Город Госпожи Забвения (страница 19)
Имея теперь перед собой материальные объекты, на которые он держит курс – Господин и воздух, – Сириус обнаружил, что может совершенно игнорировать ощущения, направляемые ему мистическим органом, когда сосредотачивается на своих материальных ощущениях. Призраки исчезли, хотя всё еще присутствовали по краям его восприятия, и он стал видеть яснее: Господин смотрел в сторону, противоположную той, в которой находился Сириус, а потому пес поплыл на спину Господина, собираясь выпотрошить своего врага сзади, как он раз уже сделал это с одним клиентом распивочной. И тогда он своими большими, как совки, лапами, выкопает органы манипулятора холста из их естественного места пребывания.
Но собаке еще предстояло проплыть немалое расстояние, и он сбросил скорость, погрузившись глубже.
Господин опустился коленями на морское дно, и Натана теперь не было, его заменил медальон на цепочке, очень похожий на то, что прежде носил Натан, только перевернутый. Казалось, это подразумевает, что Натан мертв, но, несмотря на это, из мистического органа стали поступать сцены Натанова будущего, разыгрывавшиеся во всех промежуточных царствах без исключений.

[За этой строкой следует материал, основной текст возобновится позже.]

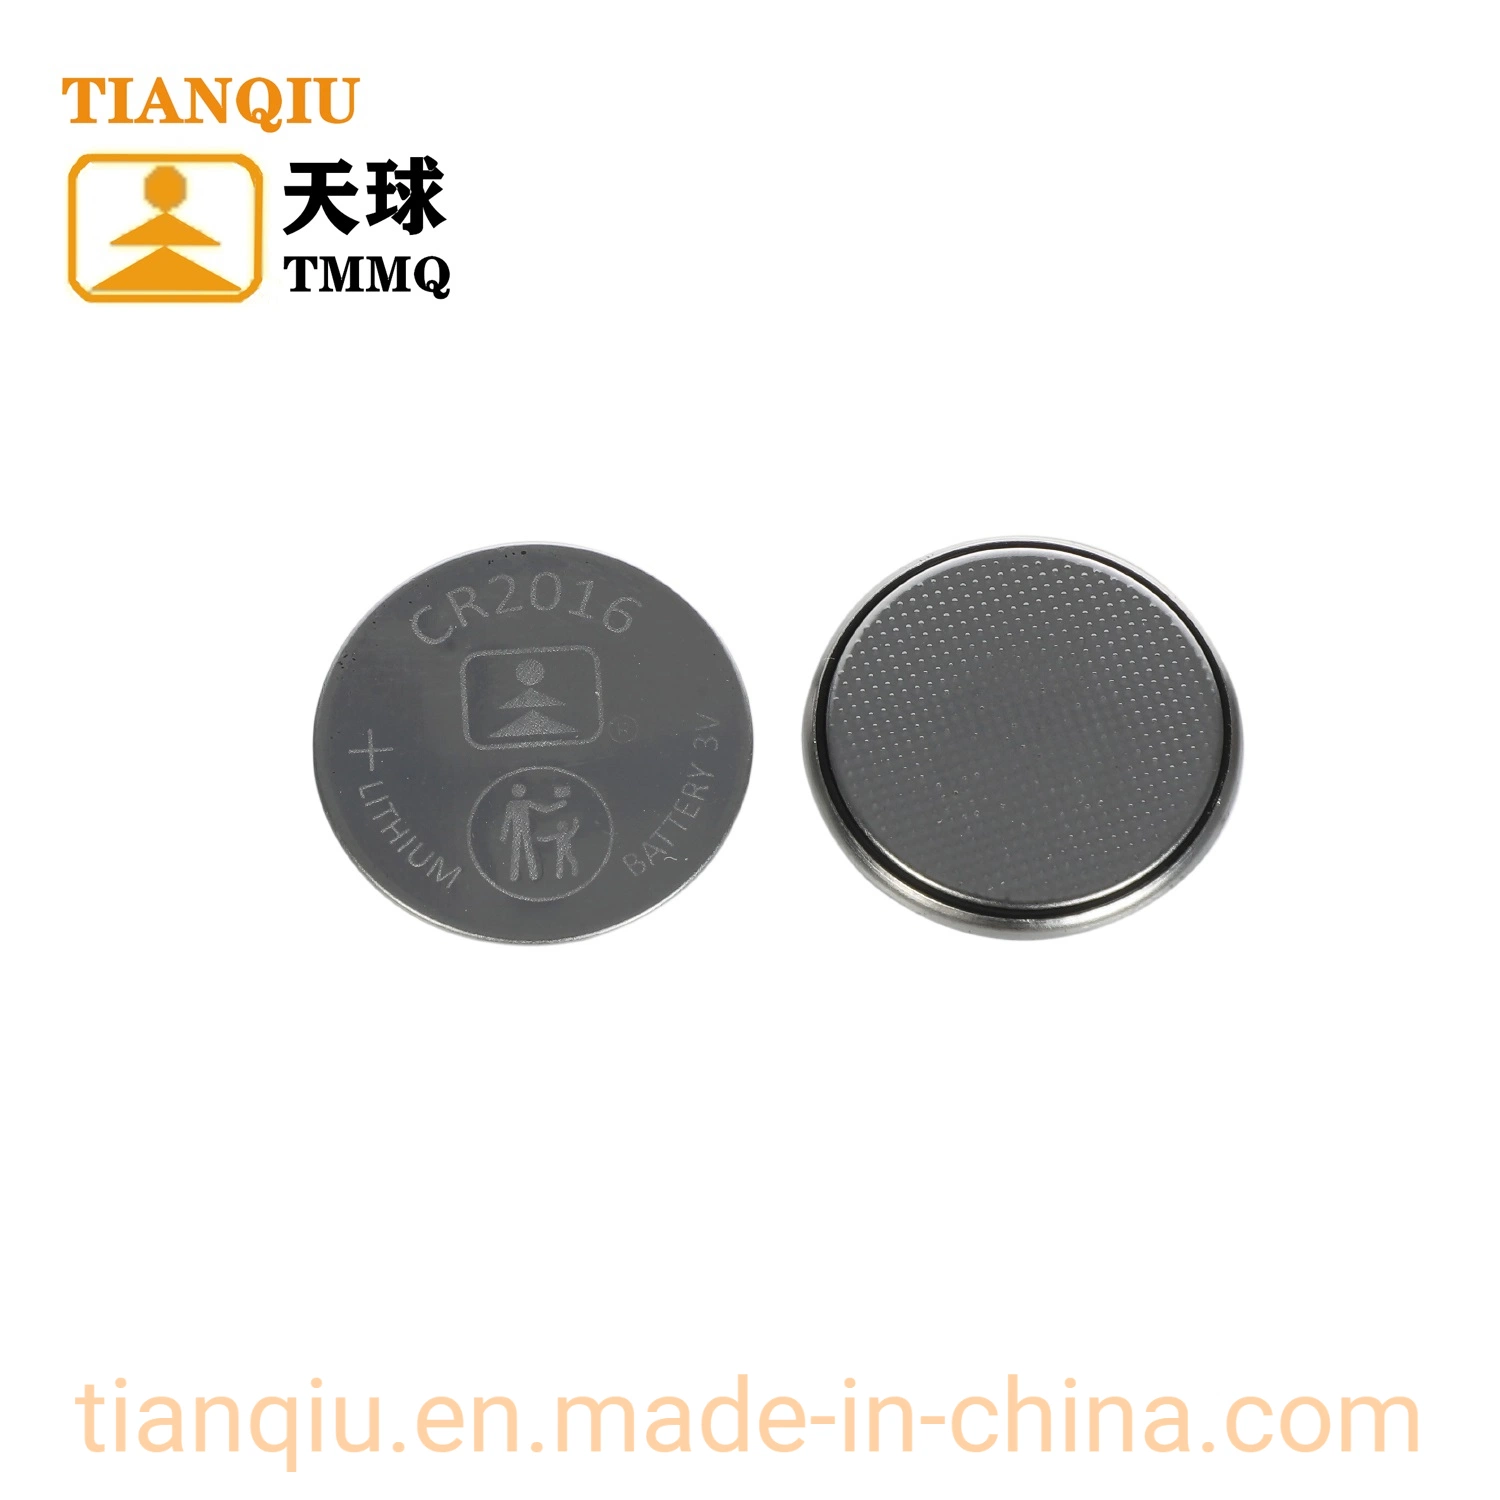 Tianqiu Cr2016 Button Cell Battery 3V Lithium Dry Battery Factory Reloj Pilas

Служебный долг собаки не ограничивается ничем таким, что кодифицируется как закон, и никакое наказание не может быть осуществлено за нарушение утвержденного порядка, но среди собак существовала традиция считать, что их обязанности во времени простираются до дня смерти. Теперь присутствие Натана в материальном царстве не фиксировалось, а потому следовало исходить из предположения, что он находится в царстве нематериальном, – некоторые трактуют это как определение смерти. Но Сириус не считал свои обязательства отмененными вследствие смерти, потому что не считал Натана умершим надлежащим образом. Разве мертвый ребенок может иметь будущее, которое поддается прочтению с помощью мистического органа?
И где находилось тело мертвеца?
Господин повесил медальон на цепочке себе на шею, и Сириус нырнул, теперь его решимость убить прежнего своего хозяина еще больше укрепилась.
Как только Сириус приблизился настолько, что мог броситься в сухой воздух и когтями и зубами прикончить своего врага, Господин сокрушил что-то каблуком своей туфли и исчез.
Вода неожиданно хлынула в воронку и потянула за собой вниз Сириуса. Его крутило и кидало в потоке и в конечном счете выбросило на поверхность.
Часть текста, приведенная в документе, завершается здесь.